Martin Rees is Professor of Astronomy and Cosmology and (from 2004) Master of Trinity College at the University of Cambridge. He holds the honorary title of Astronomer Royal and also Visiting Professor at Imperial College London and at Leicester University. After studying at the University of Cambridge, he held post-doctoral positions in the UK and the USA, before becoming a professor at Sussex University. In 1973, he became a fellow of King's College and Plumian Professor of Astronomy and Experimental Philosophy at Cambridge (continuing in the latter post until 1991) and served for ten years as director of Cambridge's Institute of Astronomy. From 1992 to 2003 he was a Royal Society Research Professor.
http://www.ast.cam.a.../IoA/staff/mjr/
Martin Rees was kind enough to grant ImmInst the following interview:
Bruce Klein: I'd be quite happy to publicize your book. This is a very important issue to ImmInst as we have created a Threats To Life Council to focus attention on how to overcome such risks going forward.
Perhaps, I could ask you two questions concerning your ideas about the possibility of human physical immortality and then feature this interview and book to the homepage of ImmInst?
Martin Rees: Fine
Questions 1:
Evidence for an afterlife has yet to be substantiated. Do you worry that if your life were to end tomorrow, your consciousness/existence would be obliterated and why?
Martin Rees: I'm reconciled to extinction -- losing all consciousness as well as rotting away physically. Indeed, I think we should welcome the transience of our lives. Individual immortality would be deleterious for life's further development unless we could transform ourselves, mentally and physically, into something so different from our present state that the transformed entities wouldn't really still be 'us'.
We should see ourselves -- and, indeed, all humans -- as just a phase (perhaps even a rather early one) in the gradual emergence of life and consciousness in the cosmos. We should -- contrary to Woody Allen's preferences -- be satisfied if we can survive through our works, rather than by not dying.
PS I'd rather my body ended up in an English churchyard than in a Californian refrigerator!

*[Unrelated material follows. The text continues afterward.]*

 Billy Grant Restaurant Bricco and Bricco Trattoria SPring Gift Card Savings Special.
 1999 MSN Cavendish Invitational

PPS Woody Allen also reminded us that 'eternity is very long, especially towards the end'!
Bruce Klein: You kill me
Questions 2:
You've reconciled your extinction. Fair enough. And I suspect that if you were to die tomorrow, your good works would suffice handily as a substitute for physical immortality.

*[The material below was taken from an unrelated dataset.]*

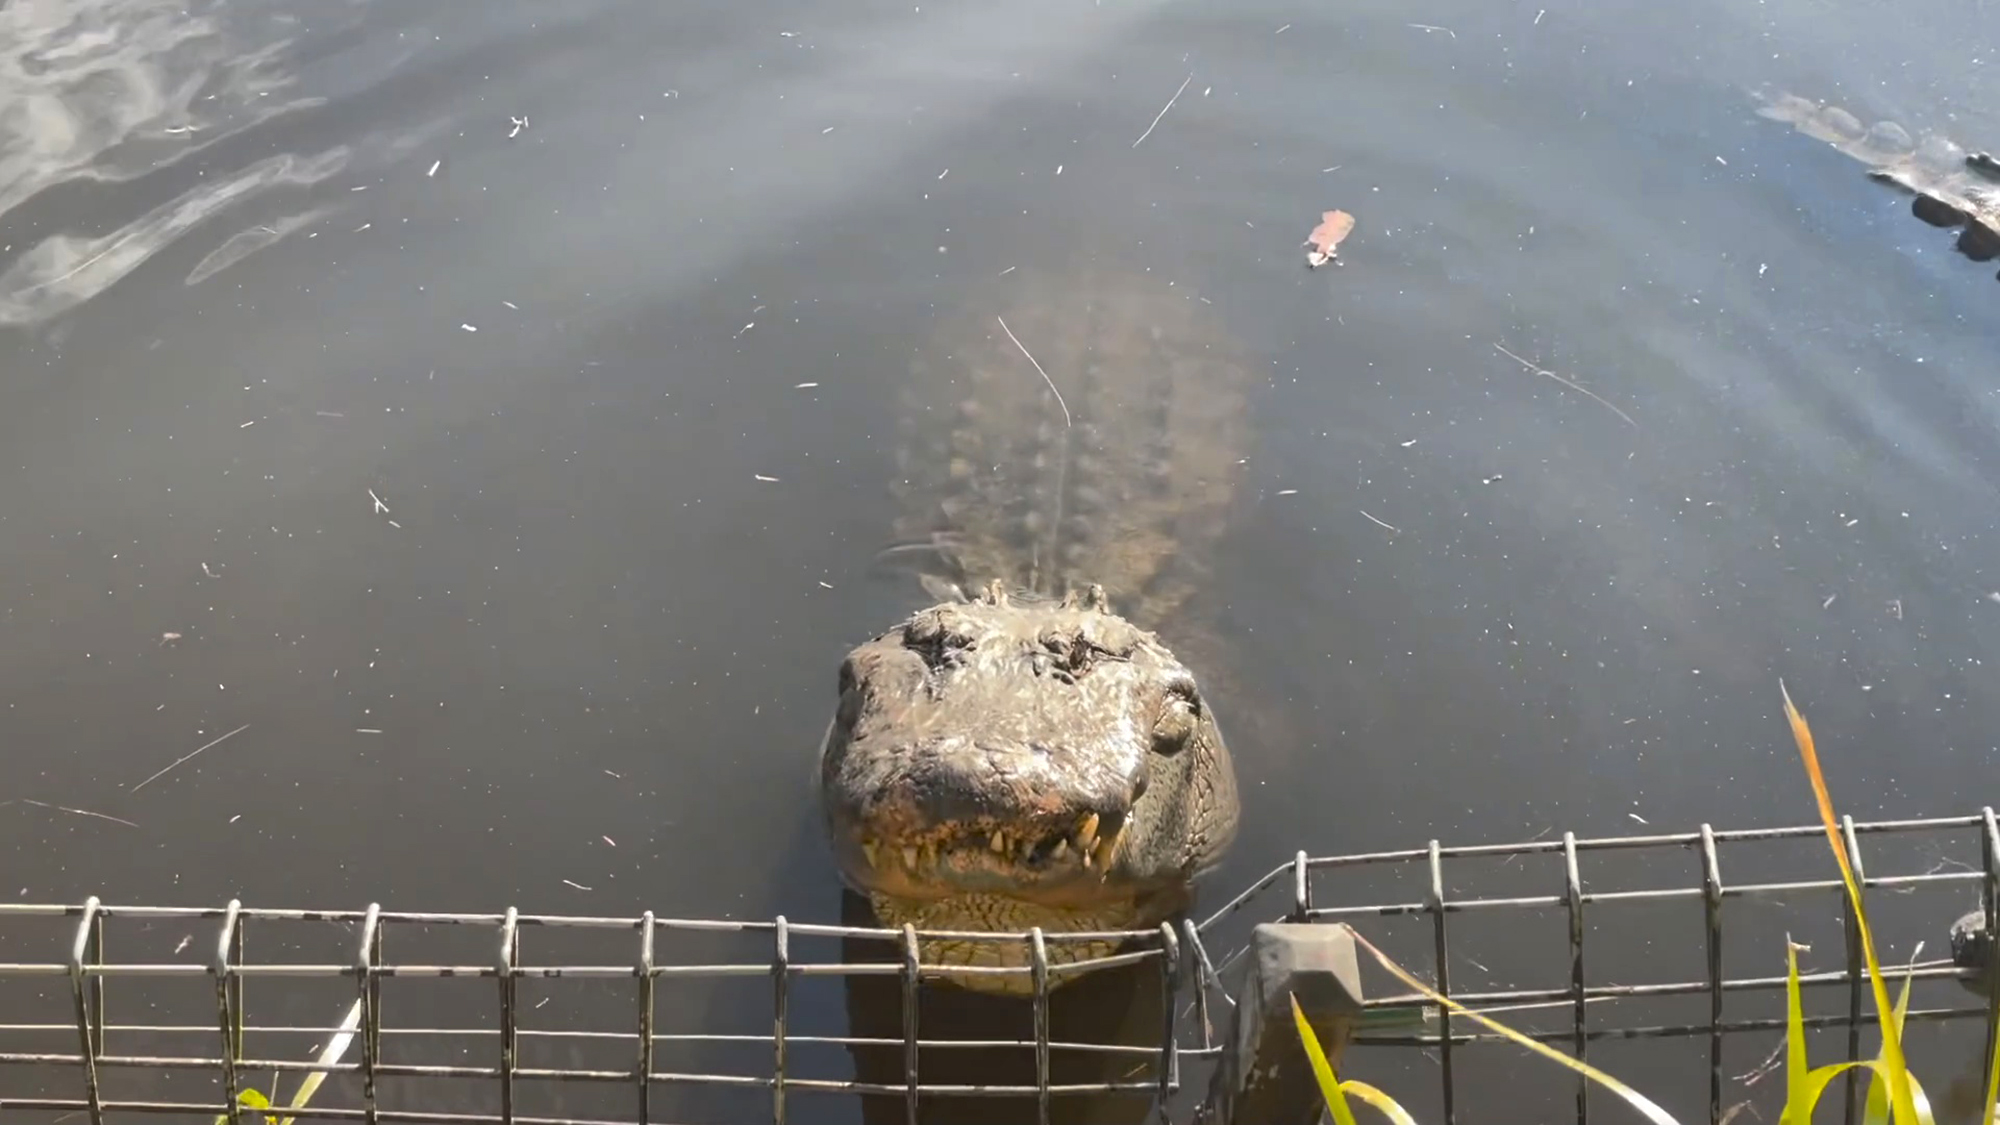 VIDEO: Mating Call of Half-Ton Gators Turns into 'Chorus of Lawn Mowers'
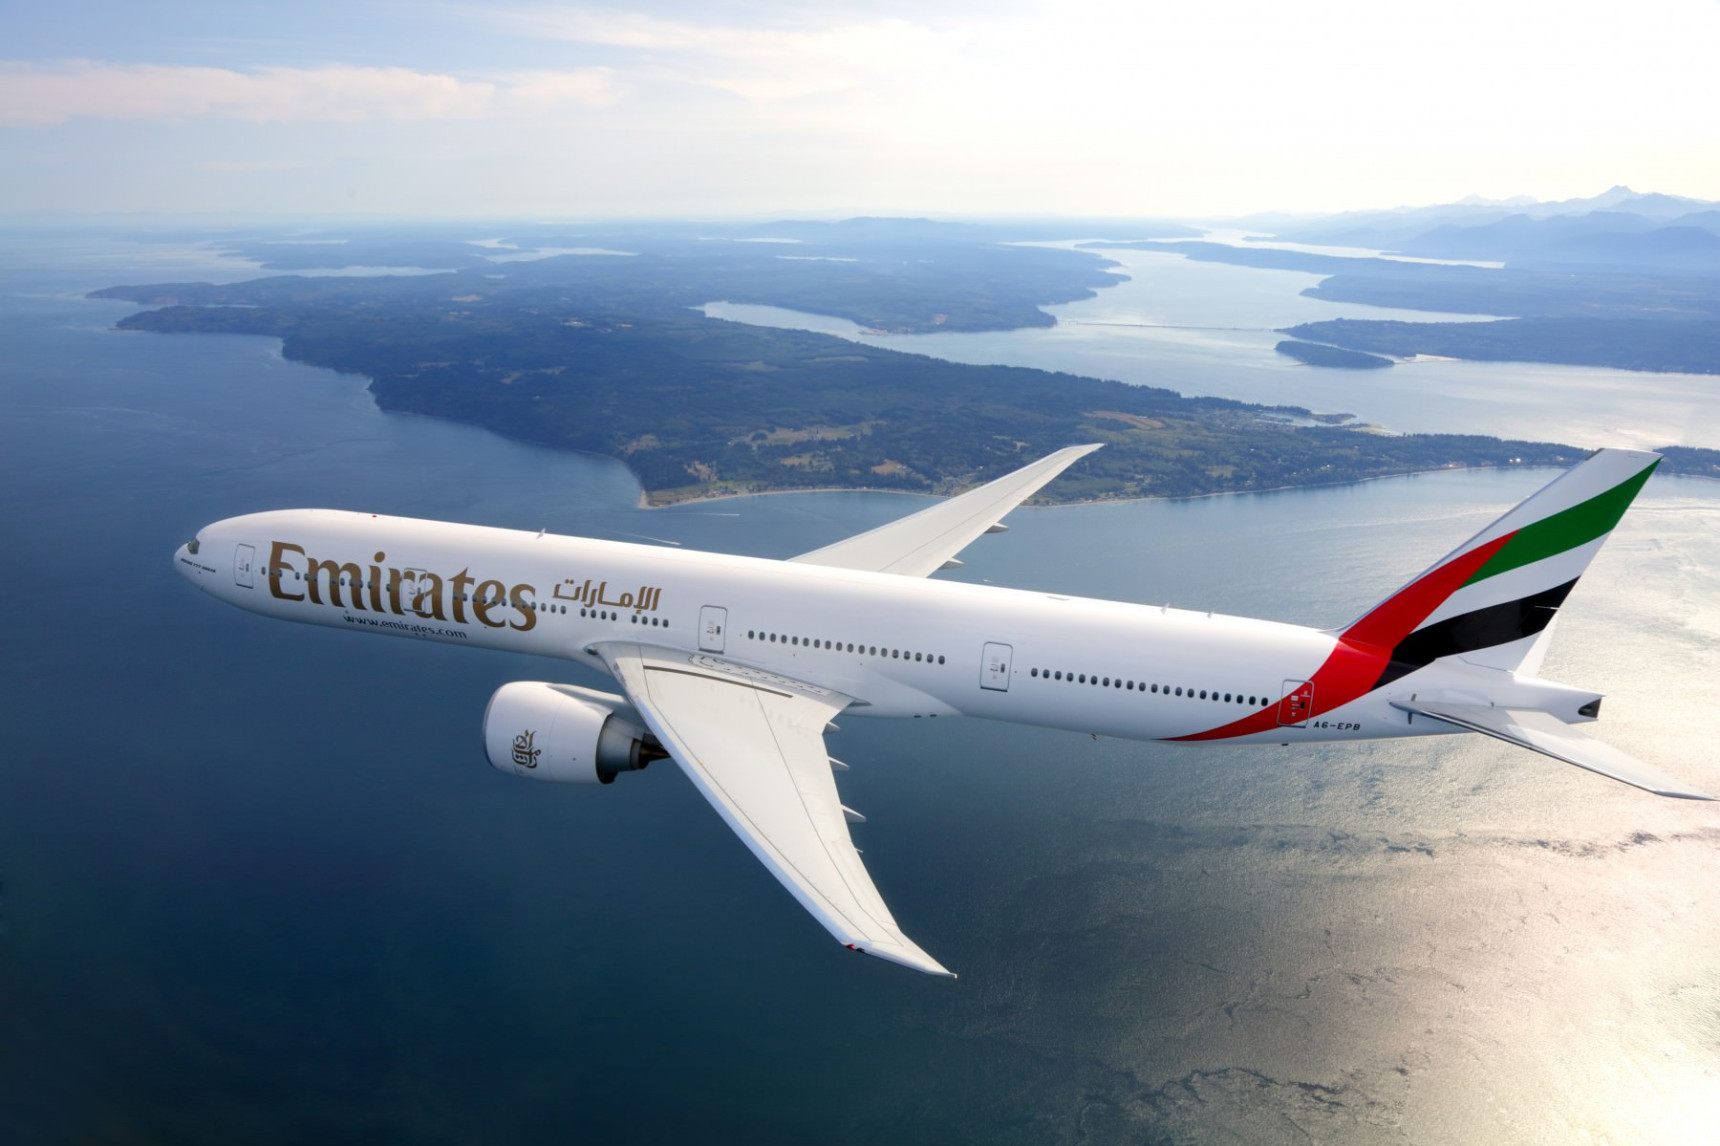 Emirates jumbo jet flying

However, let me pose a hypothetical. Similar to how ‘you’ have stayed ‘you’ from birth until now, I will guarantee you that this ‘you’ will remain intact forever. Would this guarantee in anyway change your mind about the prospect of physical immortality?
Martin Rees: I'd be ambivalent about a lifespan of even a few centuries if I couldn't transcend present mental (and even physical) limitations. Regrets and frustrations would just pile up intolerably.
If technology allowed me to transcend these limitations, I'd only be the same person in the sense that I would retain some memories of early life. But even over present life-spans it's not clear how much continuity of personality is really preserved. Each of us is a 'bundle of sensations' somehow woven together as a continuous thread or 'worldline'.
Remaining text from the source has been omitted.